EX-3.1 2 evolvetransition-amendment.htm EX-3.1 Document
Exhibit 3.1

Execution Version
AMENDMENT NO. 2
TO
THIRD AMENDED AND RESTATED
AGREEMENT OF LIMITED PARTNERSHIP OF
EVOLVE TRANSITION INFRASTRUCTURE LP
This Amendment No. 2 (this “Amendment”) to Third Amended and Restated Agreement of Limited Partnership of Evolve Transition Infrastructure LP, a Delaware limited partnership (the “Partnership”), dated as of August 2, 2019, as amended by the letter agreement, dated as of November 16, 2020, by and between the Partnership and Stonepeak Catarina Holdings, LLC, as further amended by Amendment No. 1 thereto, effective as of February 26, 2021 (the “Partnership Agreement”), is entered into effective as of May 15, 2023 by Evolve Transition Infrastructure GP LLC, a Delaware limited liability company (the “General Partner”), as the sole general partner of the Partnership, pursuant to Section 13.1 of the Partnership Agreement. Capitalized terms used but not defined herein have the meanings ascribed to them in the Partnership Agreement.
RECITALS
WHEREAS, Section 13.1(d)(i) of the Partnership Agreement provides that the General Partner may unilaterally amend the Partnership Agreement to reflect a change that does not adversely affect the Limited Partners (including any particular class of Partnership Interests as compared to other classes of Partnership Interests) in any material respect;
WHEREAS, the General Partner desires to amend the Partnership Agreement to make changes to Section 5.6 in order to clarify the permissible treatment of fractional Units as a result of any distribution, subdivision or combination of Units;
WHEREAS, SP Holdings, LLC, a Texas limited liability company, has taken appropriate action to approve this Amendment, and the General Partner desires to amend the Partnership Agreement to reflect such change.
NOW, THEREFORE, in consideration of the covenants, conditions and agreements contained herein, the General Partner does hereby amend the Partnership Agreement as follows:
1.    Amendments. The second sentence of Section 5.6(d) of the Partnership Agreement is hereby amended and restated in its entirety as follows:
If a distribution, subdivision or combination of Units would result in the issuance of fractional Units but for the provisions of Section 5.4(d) and this Section 5.6(d), then, with respect to the fraction of one Unit that a Unitholder would otherwise be entitled, the General Partner may: (i) round such fractional Unit to the nearest Unit (with fractional Units equal to or greater than 0.5 Unit rounded to the next higher whole Unit), or (ii)  make a cash payment for such fractional Unit (without interest and rounded up to the nearest whole cent) based on the Closing Price of



the Common Units on the Trading Day immediately prior to the effective date of such distribution, subdivision or combination.
2.    Agreement in Effect. Except as hereby amended, the Partnership Agreement shall remain in full force and effect.

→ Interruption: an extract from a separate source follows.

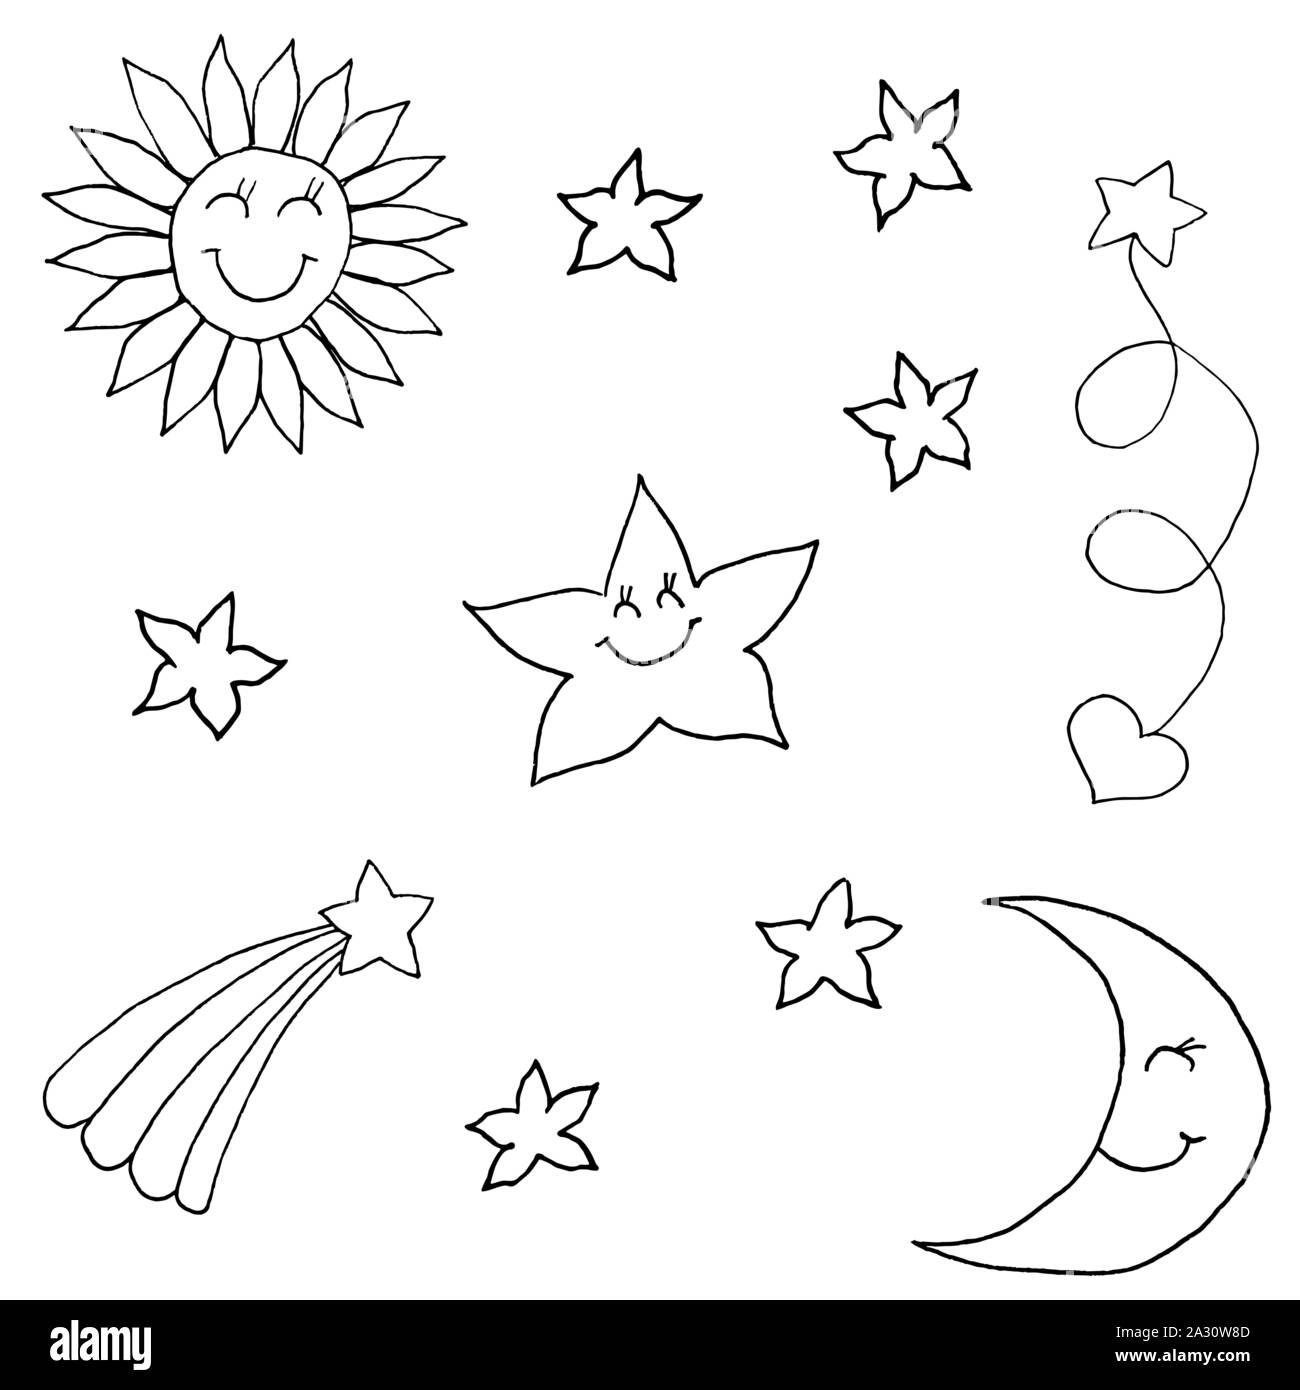 Satz von sechs kleine Sterne, große Sterne, Sonne, Mond, Rising Star und Star mit Herz. Monochrome doodle Skizze, Zeichnung. Schwarzer Umriss auf weißem Hintergrund. Vector Illustration Stock Vektor
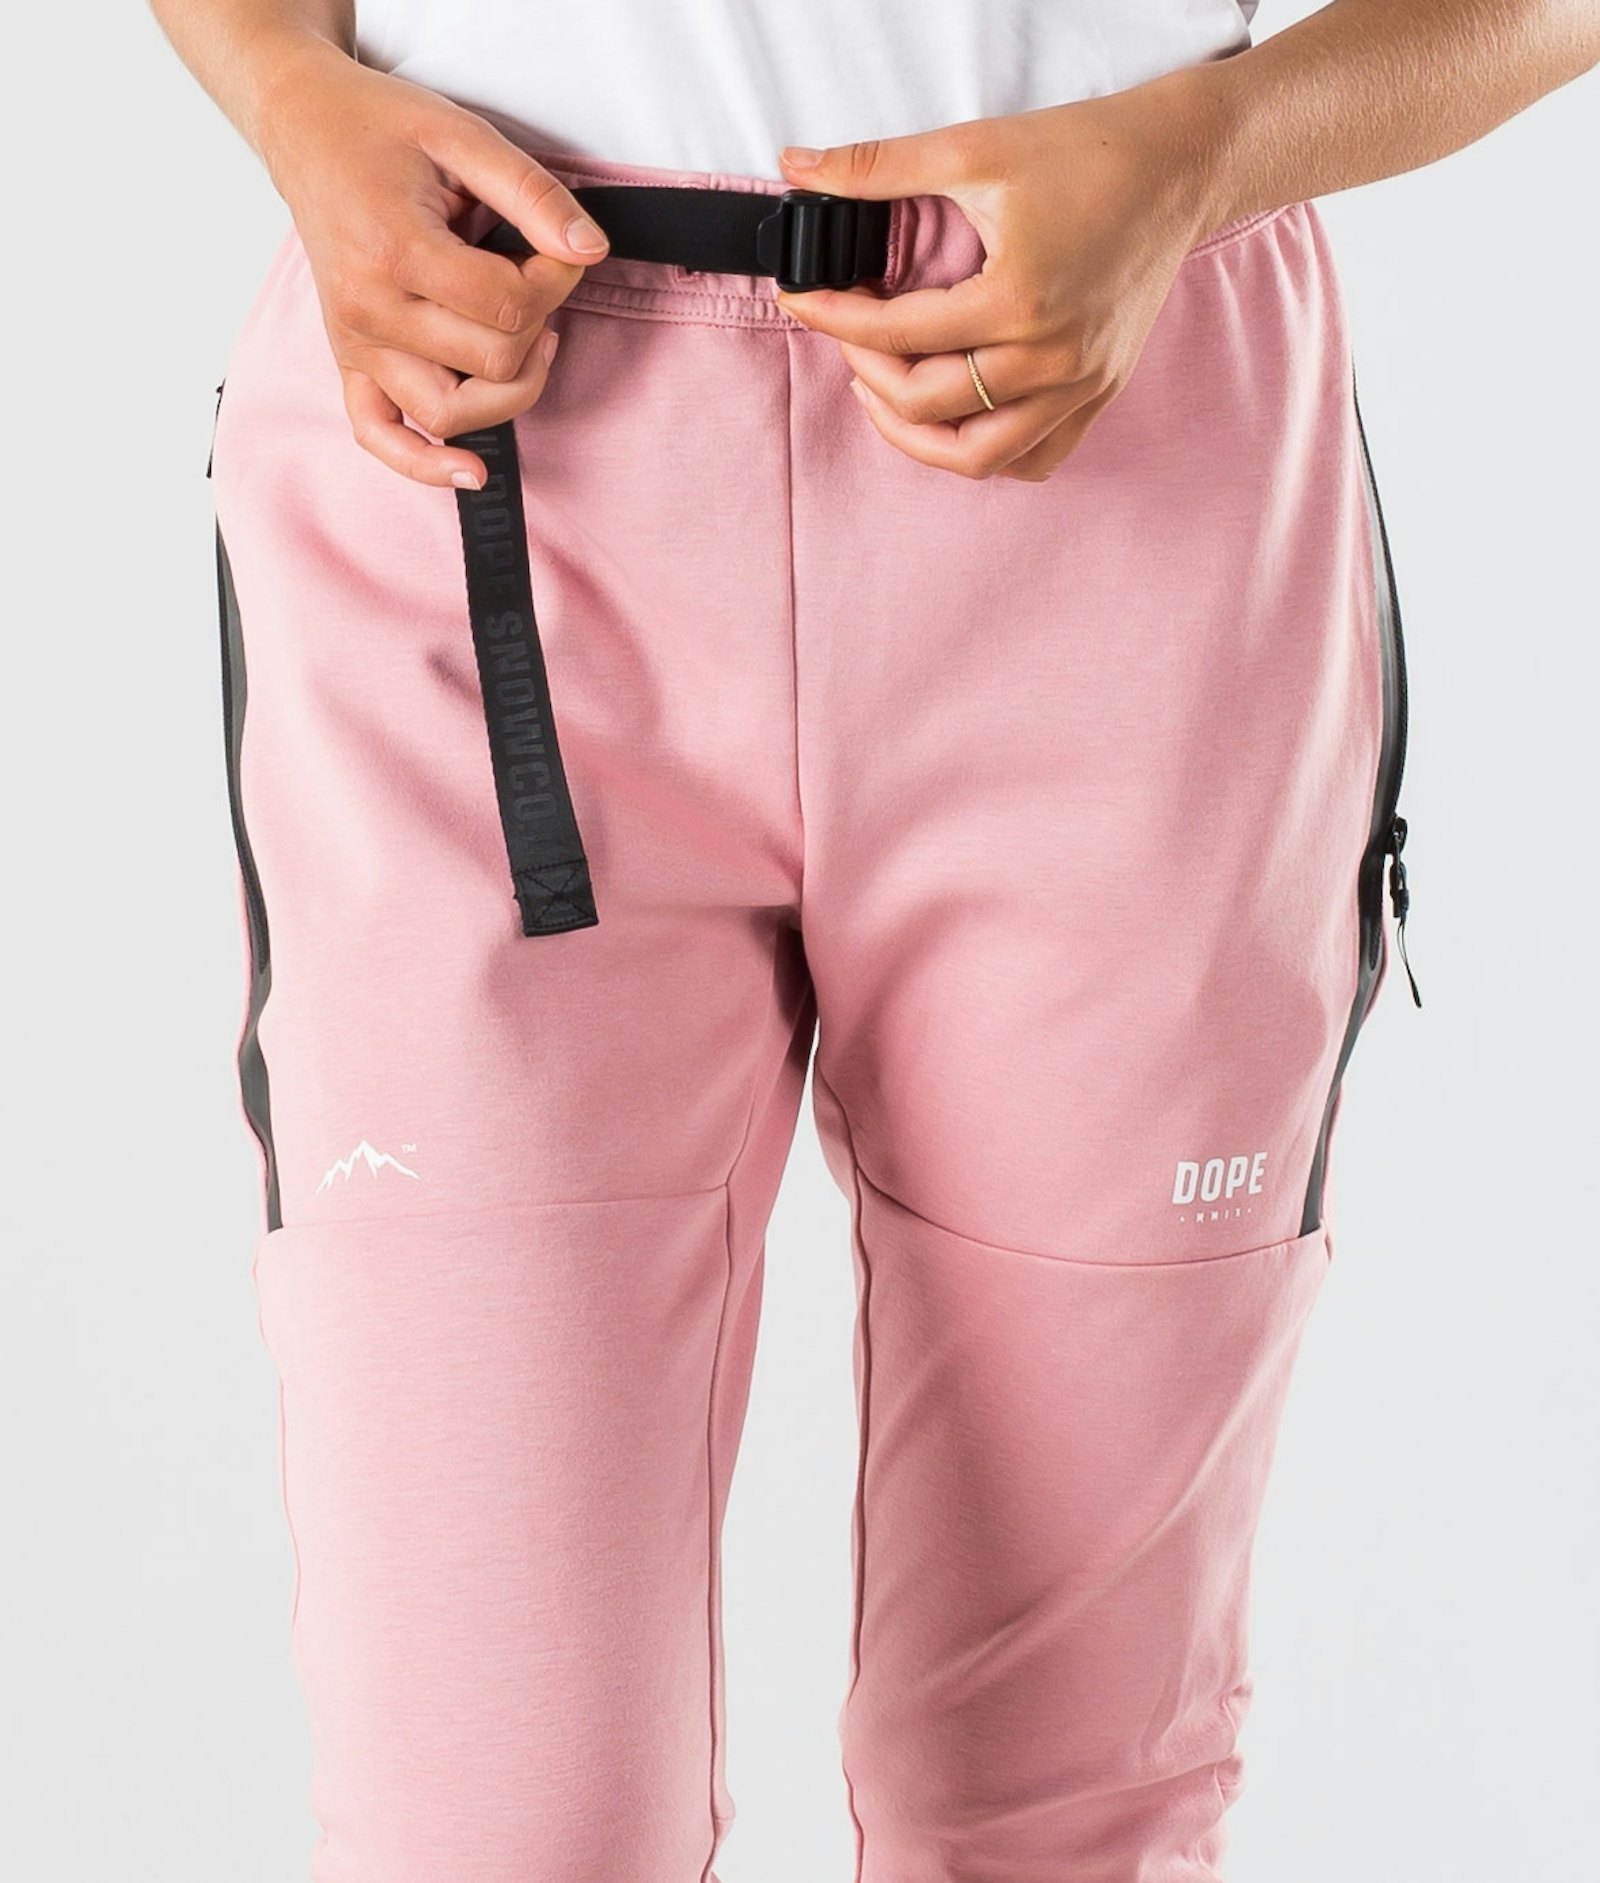 Ronin W Pants Women Pink, Image 4 of 5

3.    Applicable Law. This Amendment shall be construed in accordance with and governed by the laws of the State of Delaware, without regard to principles of conflicts of laws.
4.    Severability. Each provision of this Amendment shall be considered severable and if for any reason any provision or provisions herein are determined to be invalid, unenforceable or illegal under any existing or future law, such invalidity, unenforceability or illegality shall not impair the operation of or affect those portions of this Amendment that are valid, enforceable and legal.
5.    Electronic Signature. This Amendment may be executed via facsimile or other electronic transmission (including portable document format (*pdf)), and any such executed facsimile or electronic copy shall be treated as an original.
[Signature Page Follows]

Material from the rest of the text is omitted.